"Do robots dream of secure computing? Exploring cybersecurity for AI systems"

Background

In the late 1960s, science fiction author Philip K. Dick explored the traits that distinguish humans from autonomous robots in his novel "Do Androids Dream of Electric Sheep."
As advances in generative AI allow us to create autonomous agents that can reason and act on humans' behalf, we must consider the human traits and knowledge we must equip these agentic AI with to enable them to act autonomously, reasonably, and safely.
One crucial skill we need to impart on our AI agents is the ability to stay safe when navigating the internet.
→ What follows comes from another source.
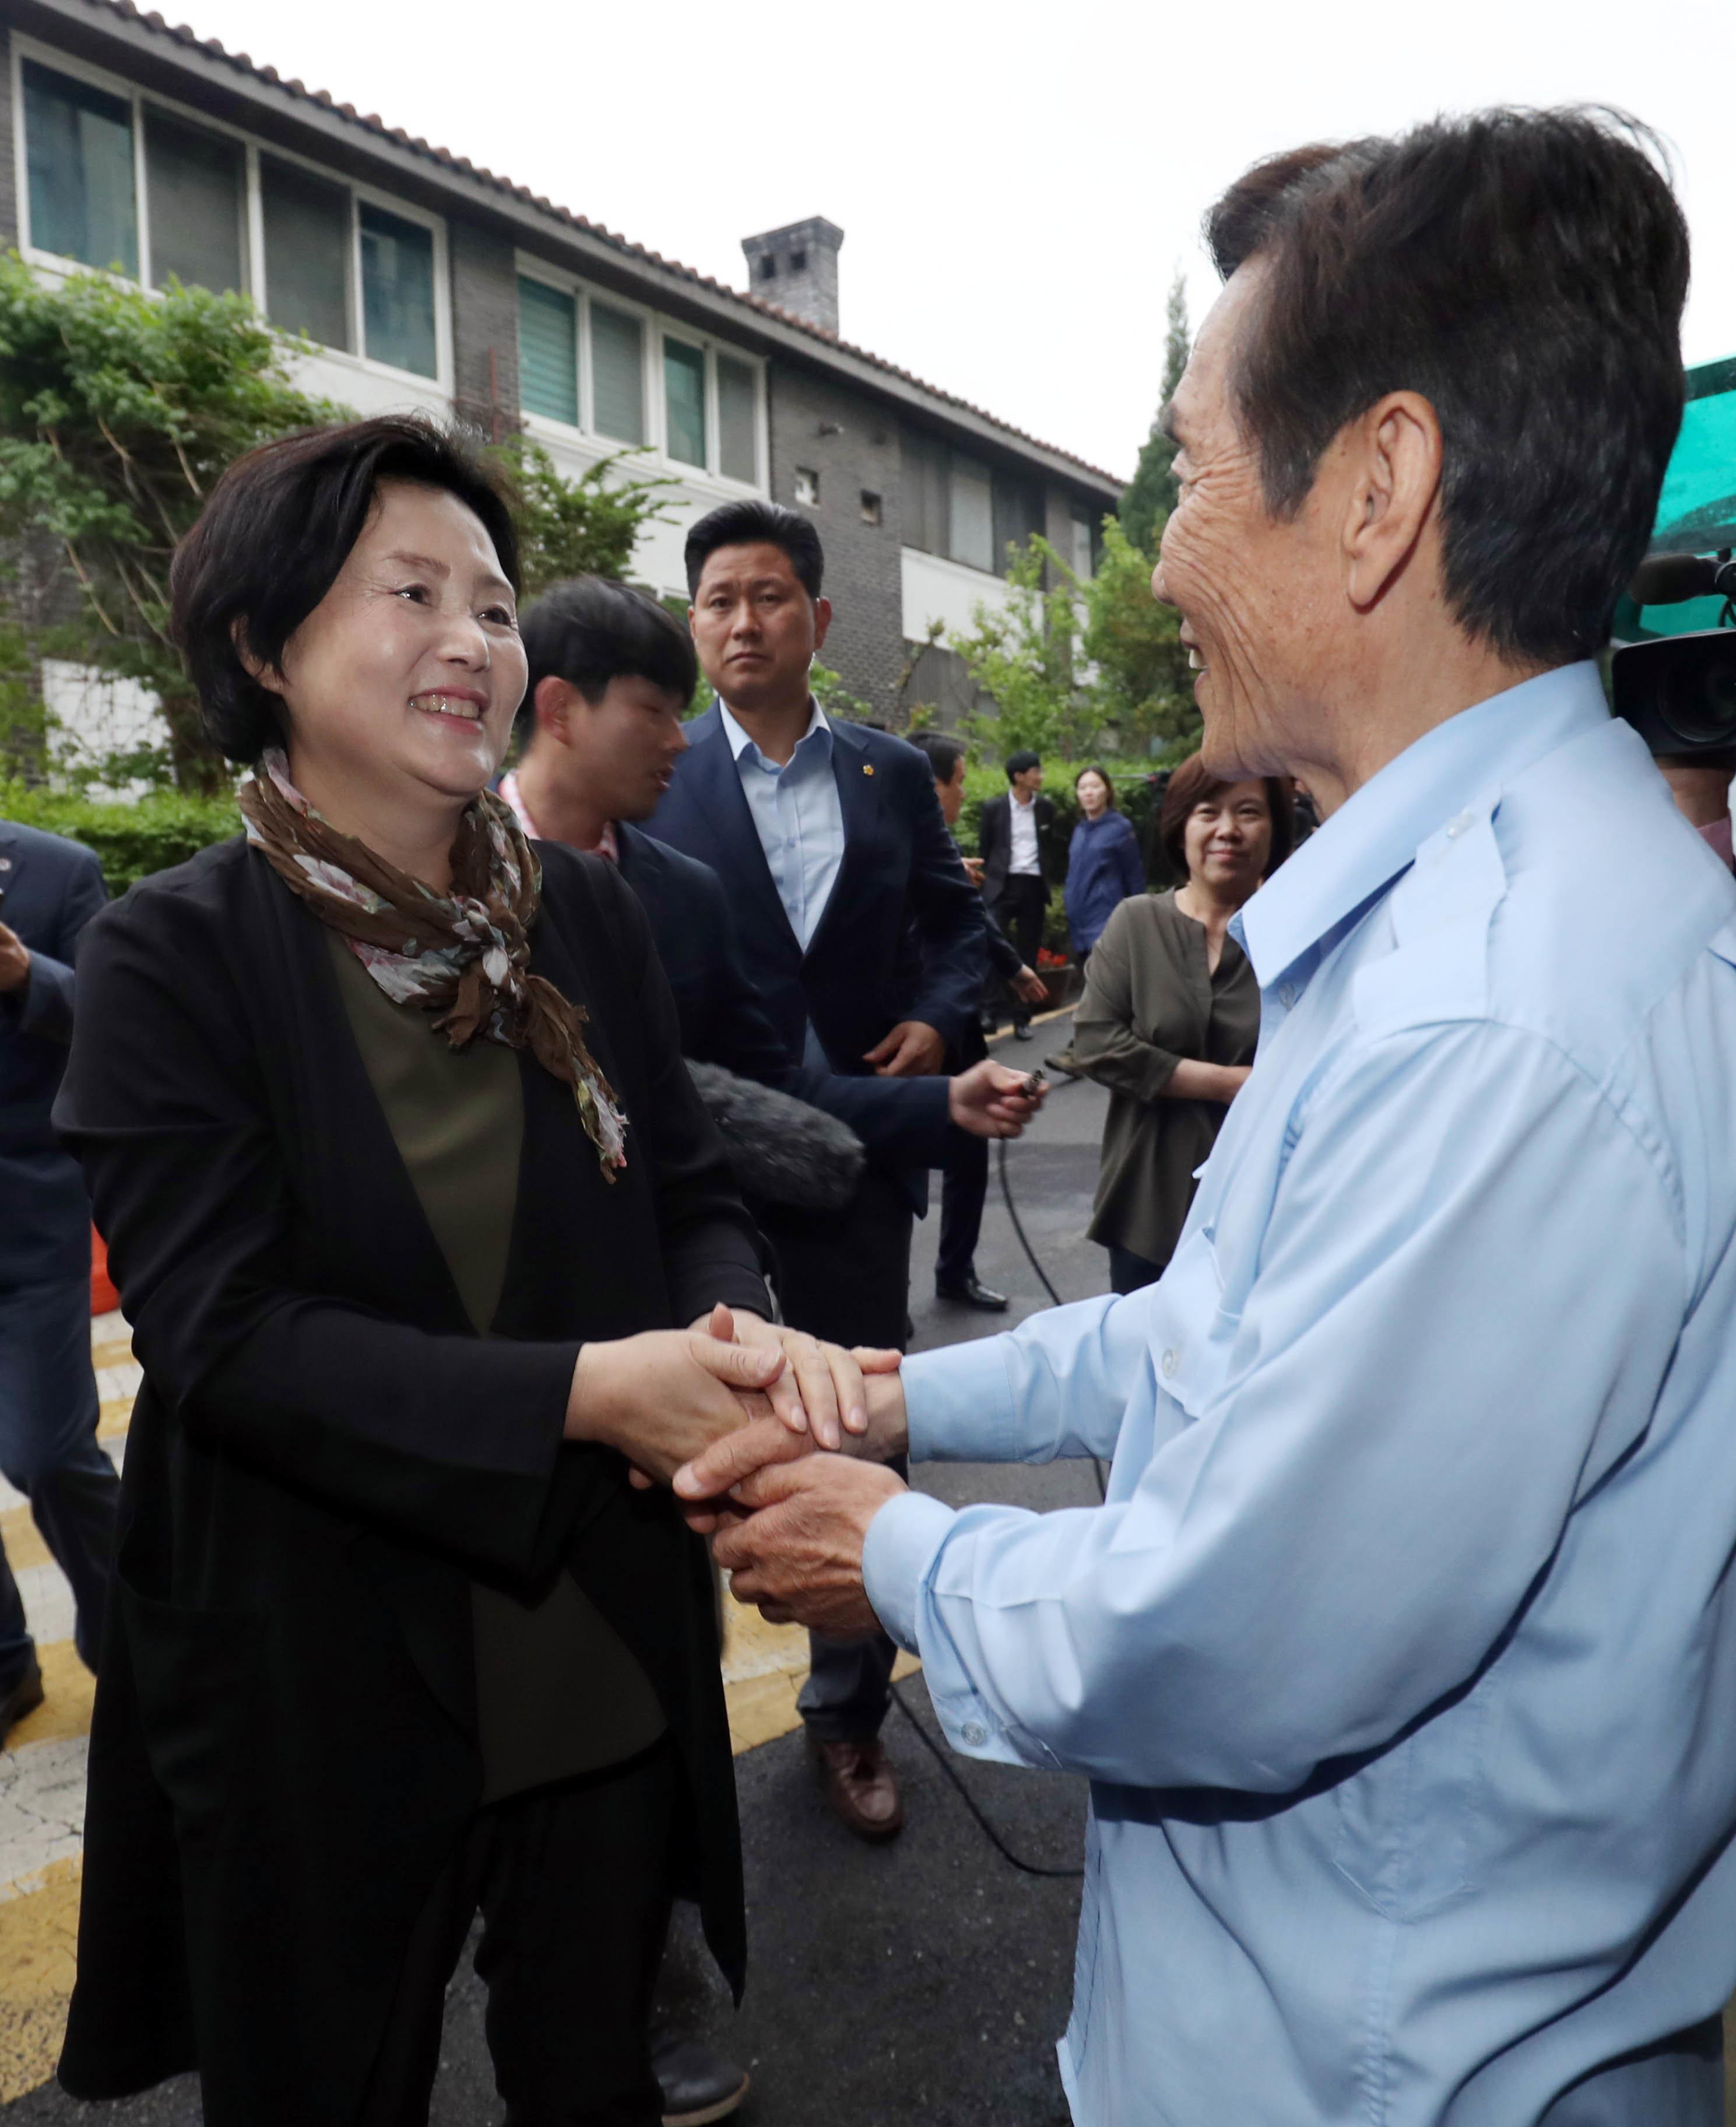 문 대통령 홍은동 집, 손혜원 보좌관이 샀다는 보도에서 알 수 있는
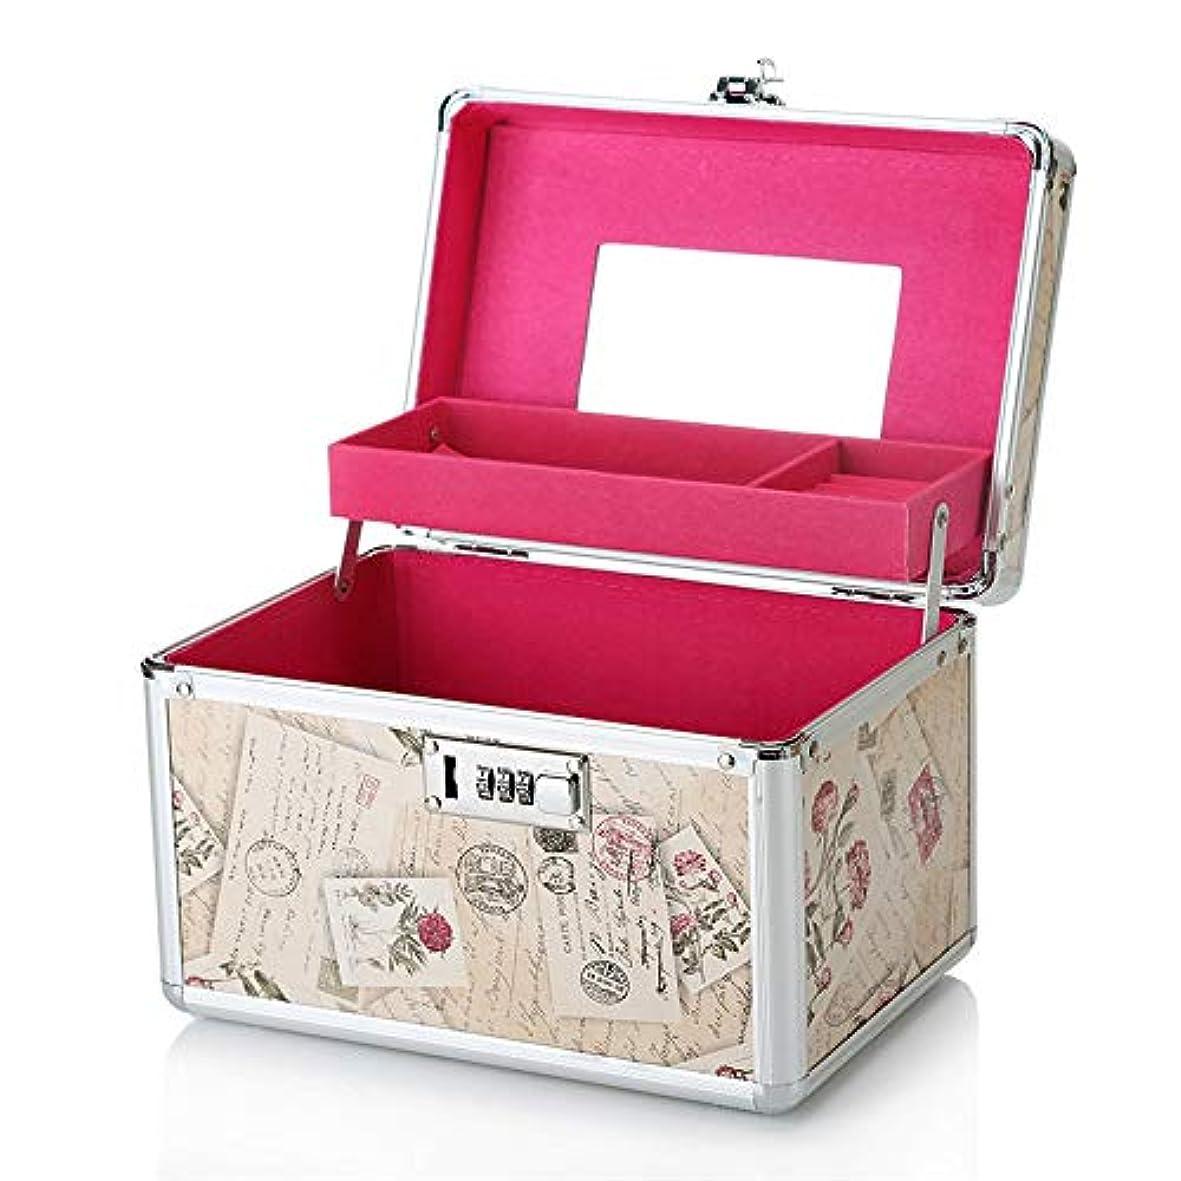 地区水銀のセッション特大スペース収納ビューティーボックス 美の構造のためそしてジッパーおよび折る皿が付いている女の子の女性旅行そして毎日の貯蔵のための高容量の携帯用化粧品袋 化粧品化粧台

If agentic AI systems are interacting with websites and APIs like a human internet user, they need to be aware that not all websites or public APIs are trustworthy, and nor is user-supplied input.
Therefore, we must empower our AI agents with the ability to make appropriate cyber hygiene decisions, as it will be the autonomous agent's responsibility to decide if it is safe and appropriate to "click the link."
The threat landscape is constantly shifting, so there are no hard and fast rules we can teach AI systems about what is a safe link and what is not.
AI agents must verify the disposition of links in real-time to determine if something is malicious.

There are emerging approaches to building AI workflow systems that can integrate multiple sources of information to allow an AI agent to come to a decision about an appropriate course of action.
In this example, we use the LangChain framework with OpenAI to enable an AI agent to access real-time threat intelligence via the Cisco Umbrella API.
The key functionality is the "getDomainDisposition" function, which passes the domain to the Umbrella API to retrieve the disposition and categorization information about the domain.

When provided with a known safe domain (www.cisco.com), the system identifies that the domain has a positive disposition and is classified as safe.
When provided with a known malicious domain, the system identifies that the domain has a negative disposition and concludes that this is not a domain which is safe for connection.
This demonstrates how AI agents can be equipped with the ability to make informed decisions about internet safety, identifying trustworthy links and websites based on real-time threat intelligence.

Equipping autonomous AI agents with cybersecurity knowledge is crucial for the next generation of agentic AI systems.
By learning to assess the safety of domains, AI agents can develop better cyber hygiene, making more intelligent decisions rather than simply being restricted by security gateways.
This proof of concept shows how AI agents can leverage threat intelligence APIs to make informed decisions about internet safety, a key skill for autonomous systems navigating the digital world.